▶ **Exercise**
Copy exactly the stretch of data below from the line with "Chemistree Men's Tshirt" through the line with "Free Image of San Francisco City Vintage", including both of those lines.

▶ **Task input**

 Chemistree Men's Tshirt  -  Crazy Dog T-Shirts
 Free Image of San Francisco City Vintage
...
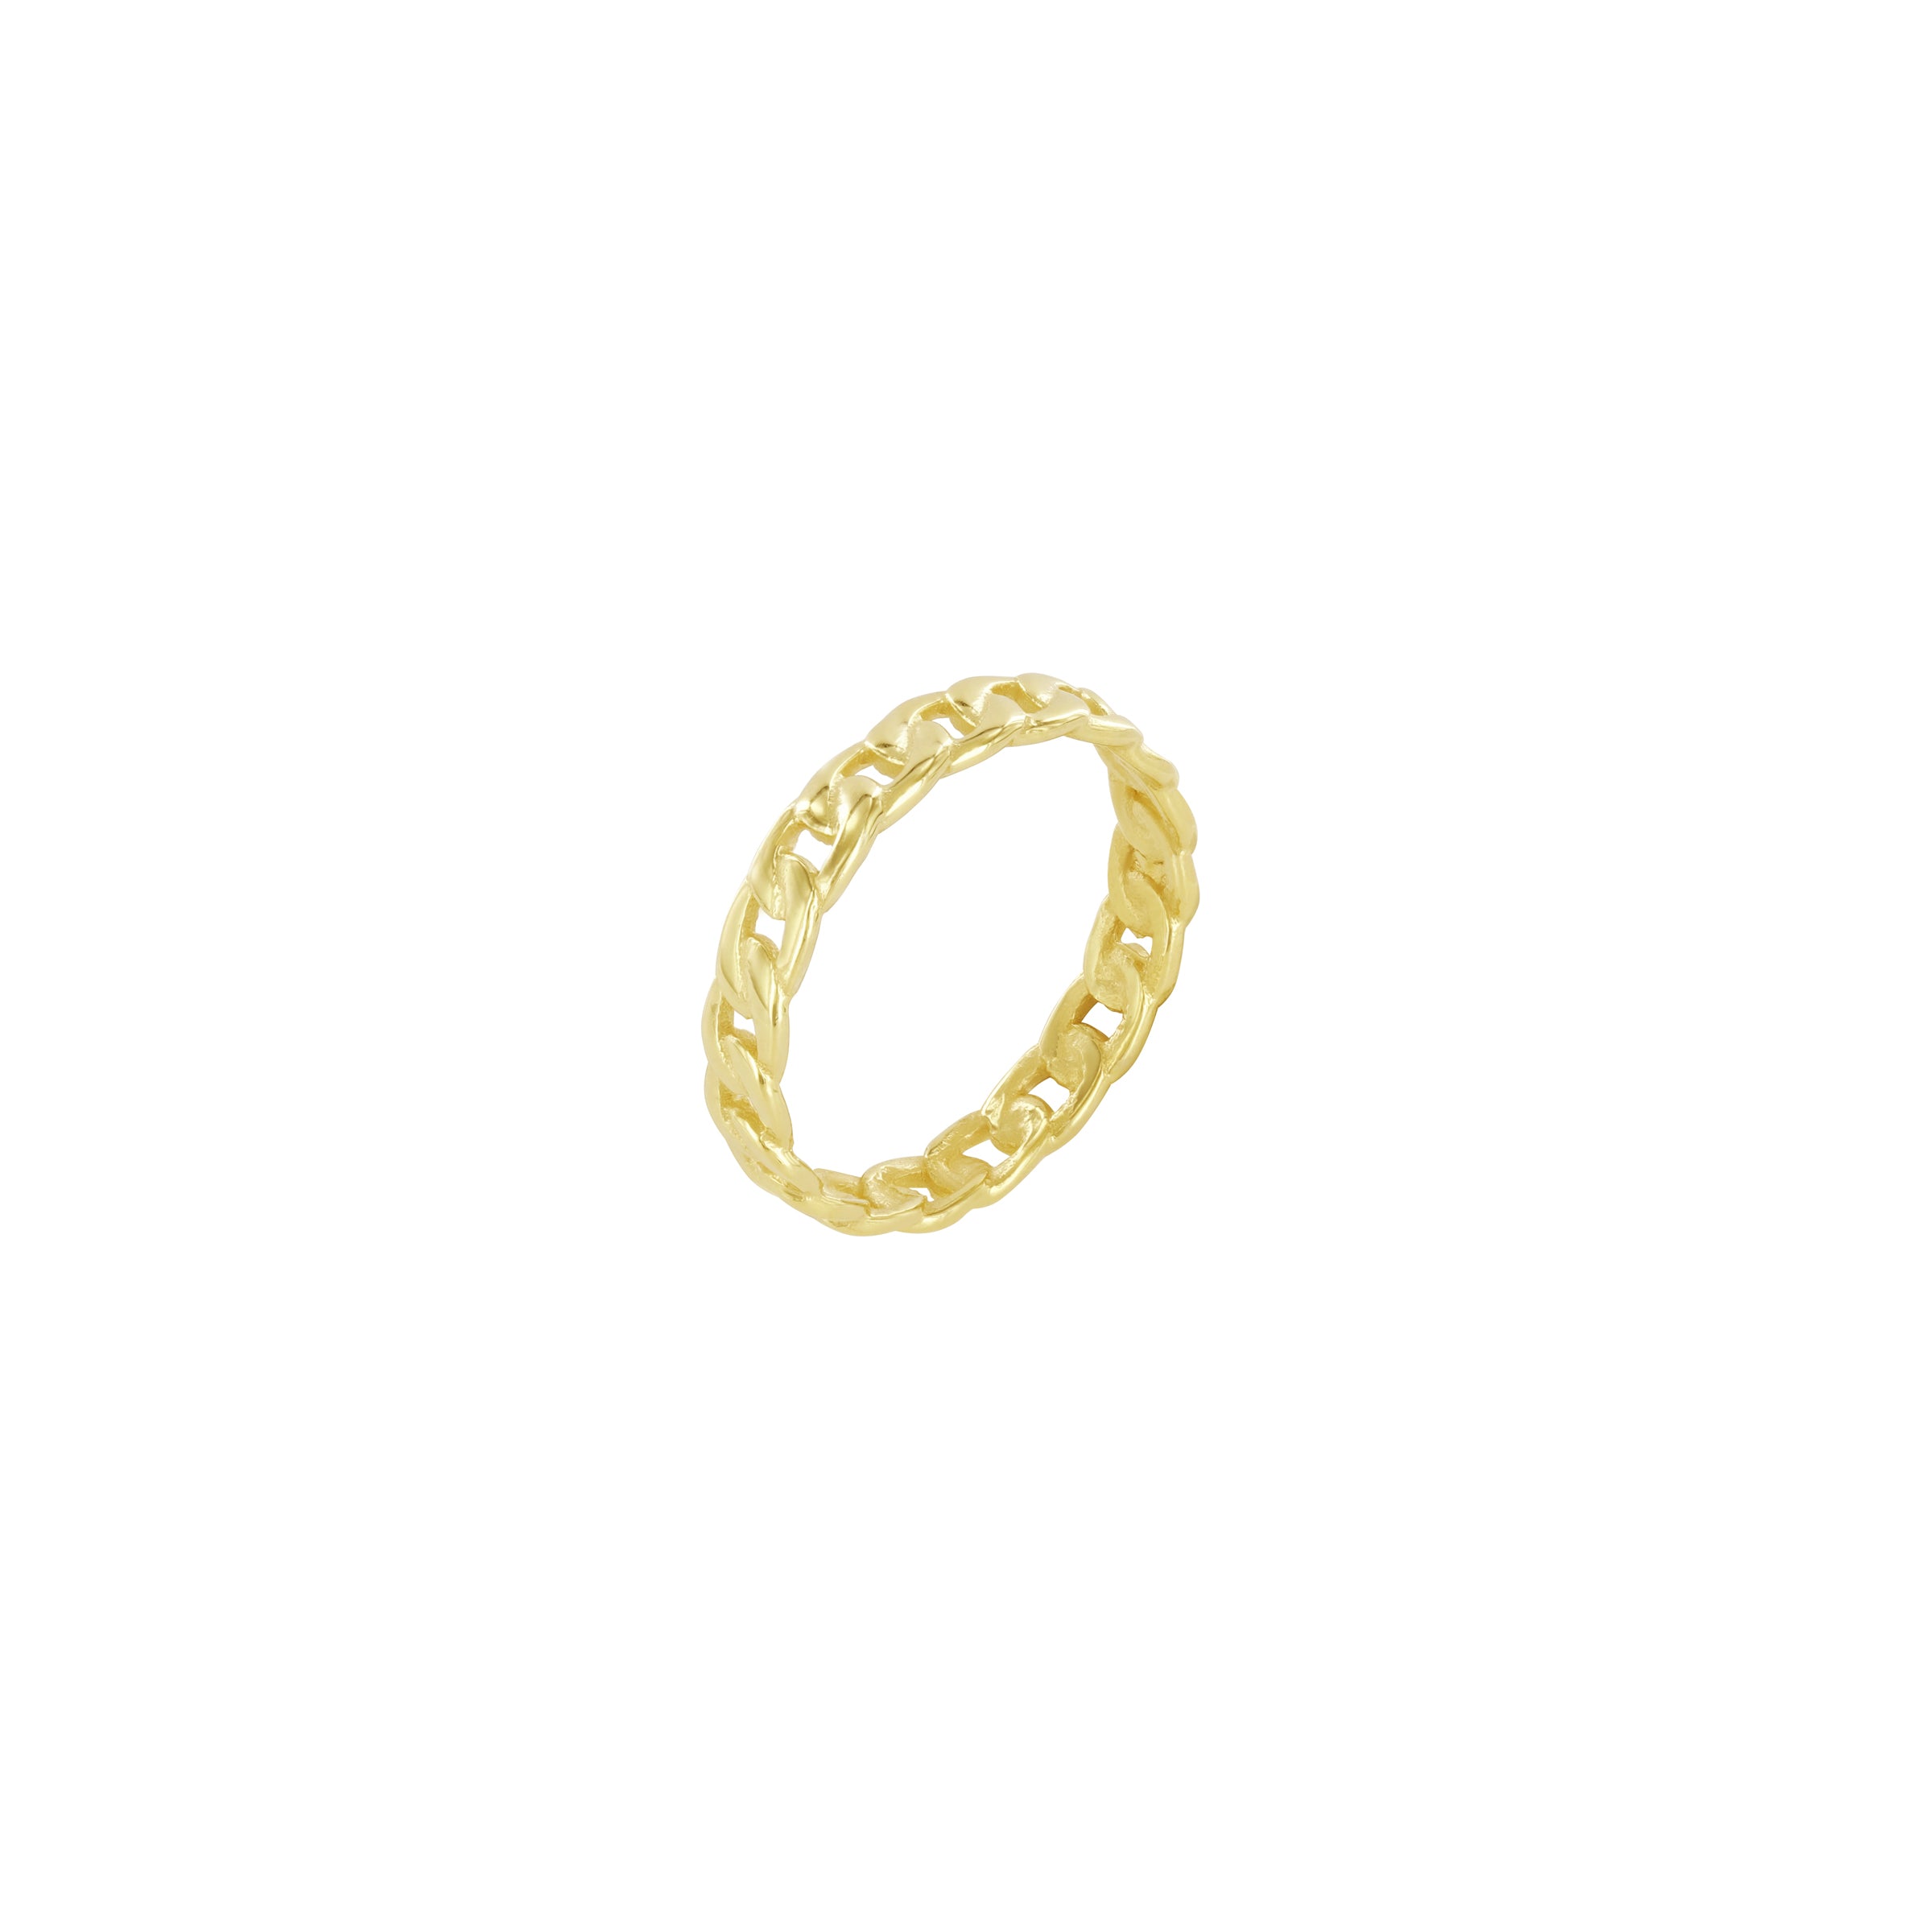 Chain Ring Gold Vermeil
* * *
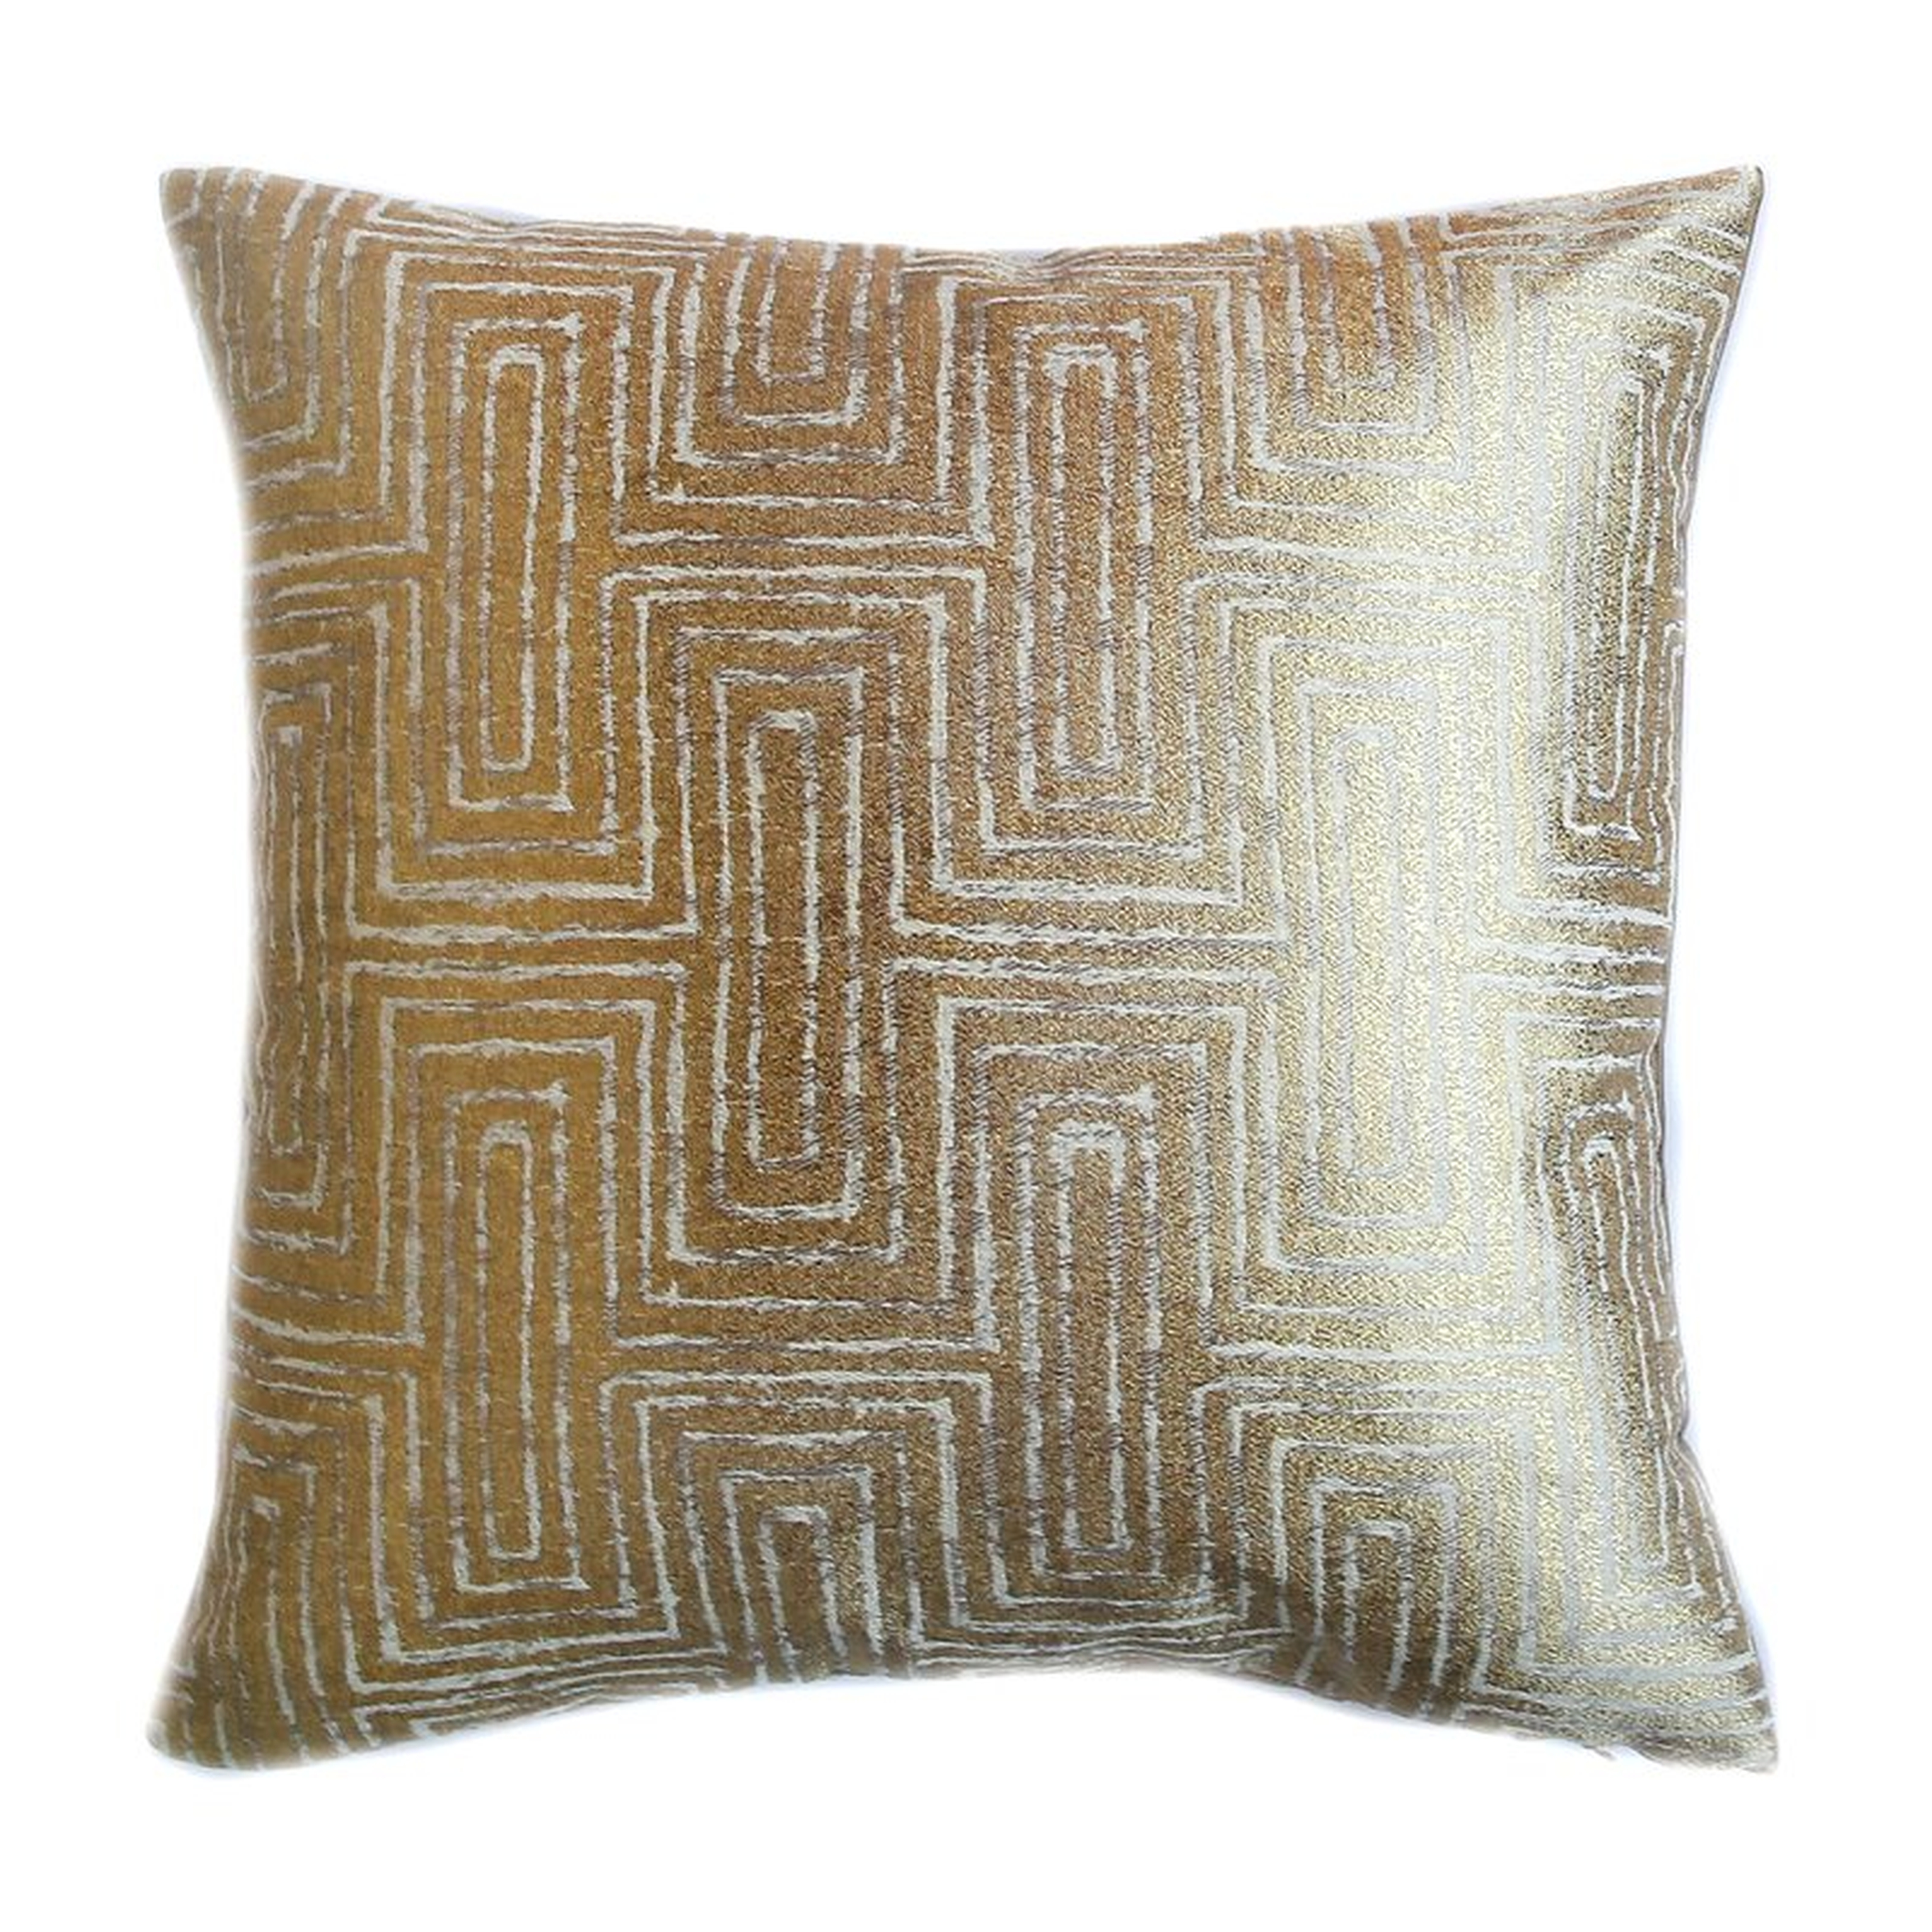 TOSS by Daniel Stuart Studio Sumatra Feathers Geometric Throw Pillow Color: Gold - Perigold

▶ **Written solution**
 Chemistree Men's Tshirt  -  Crazy Dog T-Shirts
 Free Image of San Francisco City Vintage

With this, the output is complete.